Читаем Циники. Бритый человек (сборник) полностью

Пенза. Люстра истекает висюльками. Пиф-Паф тоже хрустальная висюлька. Скользящий лакей-татарин, распуша хвостики фрака и подложив салфетку под раскаленную тарелку, вносит на вытянутой руке ростбиф, кровоточащий, как голова пророка.

Сервизы в «Эрмитаже» старинные, в надписях. На моей тарелке полуславянская вязь: «Амур, смеясь, все клятвы пишет стрелою по воде».

На плюшевом диване с кистями, оборванными у валиков, спит, подложив под голову бутылку «Аи», сарайский помещик. Он по-бабьи дышит животом. Рыхлым, бульбулькающим, высунувшим белый язык сорочки.

Мой друг высобачивается:

– Мадемуазель, вы начинаете опускаться.

Это потому, что у Пиф-Паф в носу, в ямке, похожей на перламутровое гнездышко, где выращивается жемчужина, золотится волосок-шелковинка.

8

– До чего же он был, Мишка, красивый.

– Почему был? Почему, Пиф-Паф, ты говоришь: был?

– А я так думаю, что его большевики расстреляли. Они всех хорошеньких перестреляли.

Пиф-Паф сердито комкает рублевку.

– А может, и лучше, что закопали. Оторловали орлы.

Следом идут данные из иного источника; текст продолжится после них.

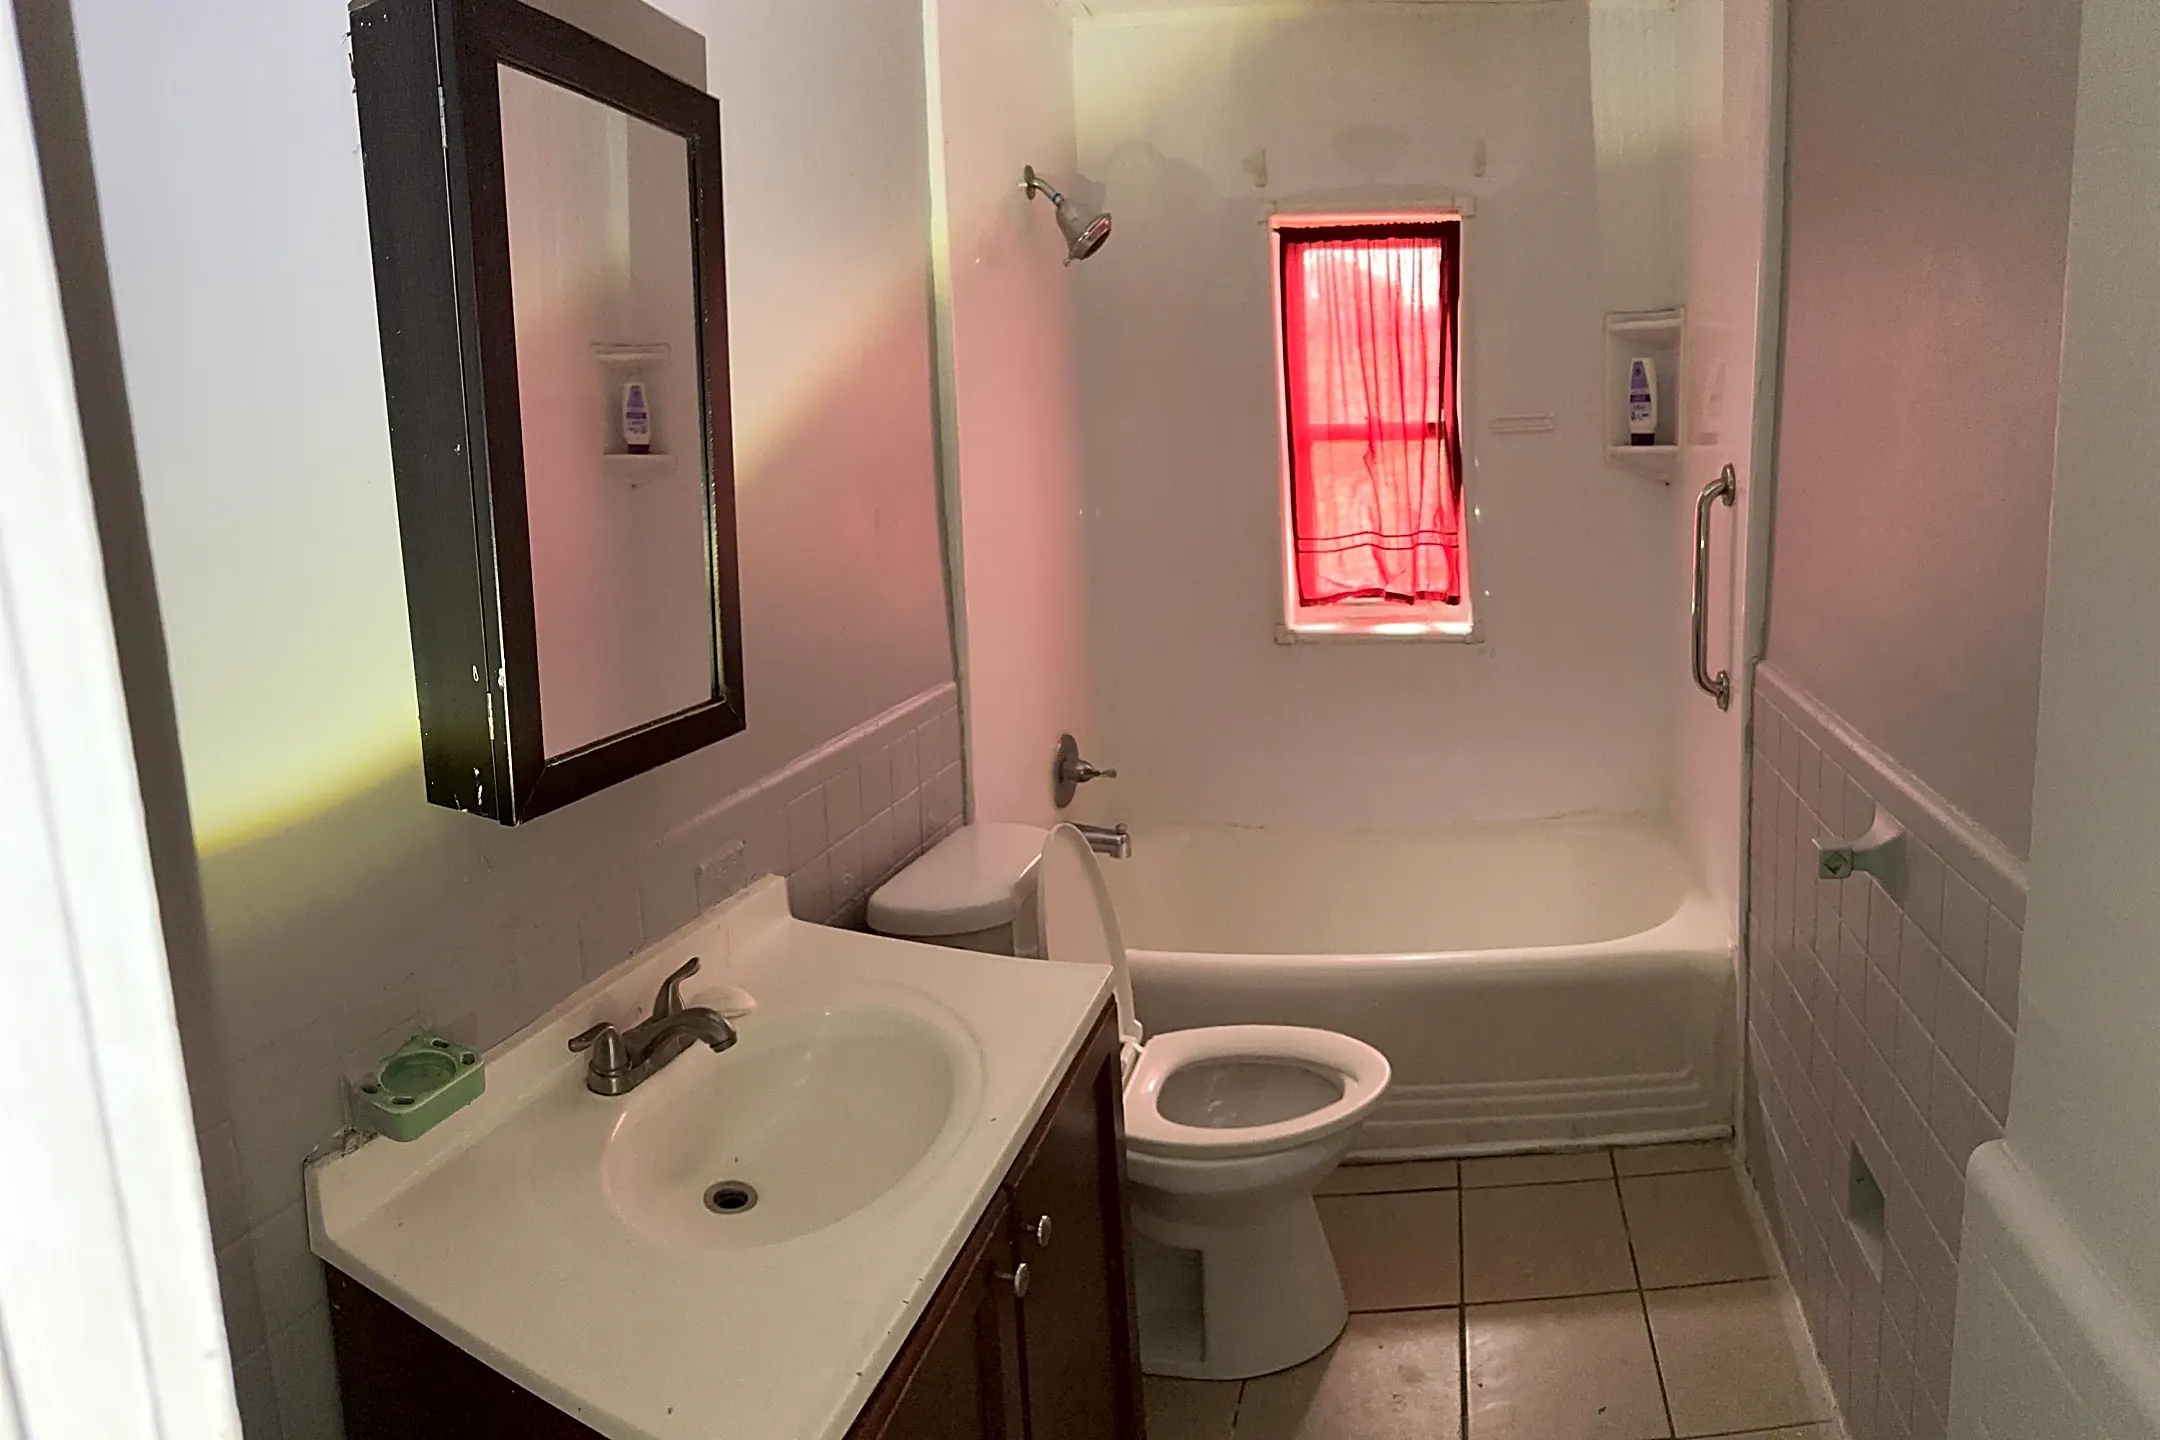 Bathroom - 5025 Chalgrove Ave - Baltimore, MD

И задирает юбку. Мелькает красная, как петля, подвязка, и голая, как его шея, нога.

Я кричу.

9

Темное солнце качается на невидимой паутине. Качается? Плечи всасывают голову. Я без головы. Ужас меня обезглавил. Ладони вылезают из карманов, как глаза из орбит. Я роняю перчатки. Они лежат на тротуаре. Я боюсь их поднять. Они словно отрубленные кисти рук. Я бегу, ударяя обрубками по воздуху.

Мой друг тоже сейчас качается. Вытянув ноги. У него пальцы, как у мышонка. Мне как-то удалось рассмотреть мышонка. Он бегал в мышеловке не на лапах, а на руках с пальцами и ногтями Тициана.

А ноги? У моего друга были превосходные ноги. С чудесными ступнями. Как у свиньи. Люди ни черта не видят, что вокруг них делается. Они воображают, что у свиньи безобразные ноги. А у свиньи самые элегантные ноги в мире. Крохотные. С изысканным подъемом. Аристократическим носком, на высокой пятке. Свинья ходит словно на французских каблуках.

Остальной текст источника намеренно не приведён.